In a standard A/B test, you send 50% of your traffic to the loser for the entire duration of the test. That is a lot of lost revenue (or "Regret").
What if you could dynamically shift traffic? What if, as soon as Variant B started looking good, the system automatically sent 60%, then 70%, then 90% of traffic to it?
This is the Multi-Armed Bandit (MAB) problem. It is named after slot machines ("one-armed bandits"). If you have 10 slot machines, and one pays out more often, how fast can you figure it out and switch all your coins to that one machine?
Every algorithm faces this fundamental dilemma:
Pulling a lever I haven't tried much, just to gather information. I might lose money, but I gain knowledge.

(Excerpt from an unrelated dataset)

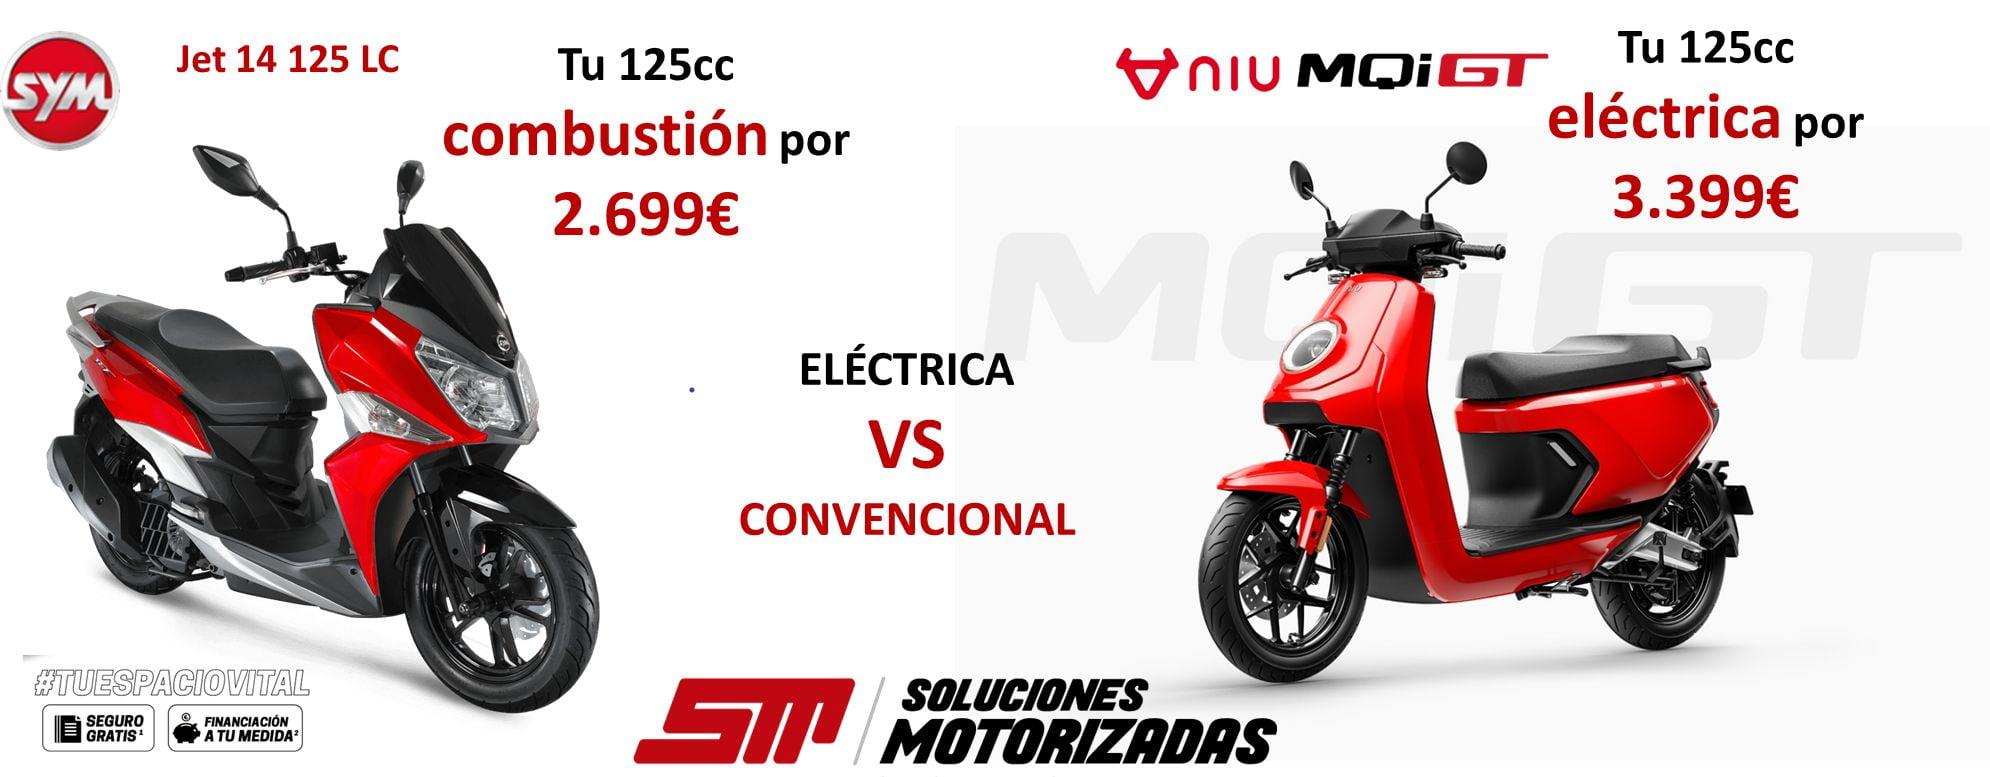 comprar moto eléctrica

Pulling the lever I currently think is the best. I maximize immediate revenue, but I learn nothing new.
A/B Testing is 100% Explore for 2 weeks, then 100% Exploit forever.
Bandit Testing blends them together.
The simplest approach. You flip a coin.
- 90% of the time, choose the current winner (Exploit).
- 10% of the time, choose a random option (Explore).
This uses the probability distributions we learned in Module 10. The algorithm samples a random value from each variation's posterior distribution and picks the highest one.
Bandits sound perfect. Why do we still use A/B tests? Because Bandits optimize, but they don't teach.
Standard Bandits treat everyone the same. Contextual Bandits use machine learning to personalize.
"For User X (iOS, Evening), Button A is best. For User Y (Android, Morning), Button B is best." This is the technology behind Netflix recommendations and TikTok feeds.